Highlighting yet again why women's car insurance is justifiably cheaper, a recent survey has found that female drivers are more likely than men to accept big brother style devices to stop them breaking speed limits.
The study by the Engineering Technology Board (ETB) discovered that 49% of women surveyed think that car speed-limiters are the best way of improving road safety, compared with just 39% of men.
The survey was undertaken in response to a Government funded trial in Leeds, which involved 20 Skoda Fabias being fitted with digital road mapping equipment linked to satellite positioning systems. The equipment detects where the car is travelling, how fast and what speed limits are enforced. If the car is travelling too quickly, a beeping noise is heard and the accelerator pedal vibrates. If the driver still doesn't respond the car will brake automatically.
The system will initially be offered as an optional extra, but Government ministers haven't ruled out making a similar method of speed control compulsory at some time in the future. Such a scheme is liable to have a huge impact on motor insurance premiums and make cheap car insurance easier to find.
Discussing the ETB's survey results, Steve Stradling from Napier University, Edinburgh, said, "A key factor is that women get less fun out of risk-taking.

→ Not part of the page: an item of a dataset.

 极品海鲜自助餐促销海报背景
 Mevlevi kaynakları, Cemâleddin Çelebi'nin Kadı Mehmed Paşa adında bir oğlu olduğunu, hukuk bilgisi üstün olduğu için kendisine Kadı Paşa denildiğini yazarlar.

"People speed because they are under pressure. Men are more likely to speed to make a business appointment."
Despite the apparent female willingness to implement speeding restraints, female driving habits have actually appeared to have changed for the worse in recent years. Home Office figures have shown a steady increase in the proportion of motoring offences that they commit, meaning that their discounted women's car insurance premiums are at risk of being taken away.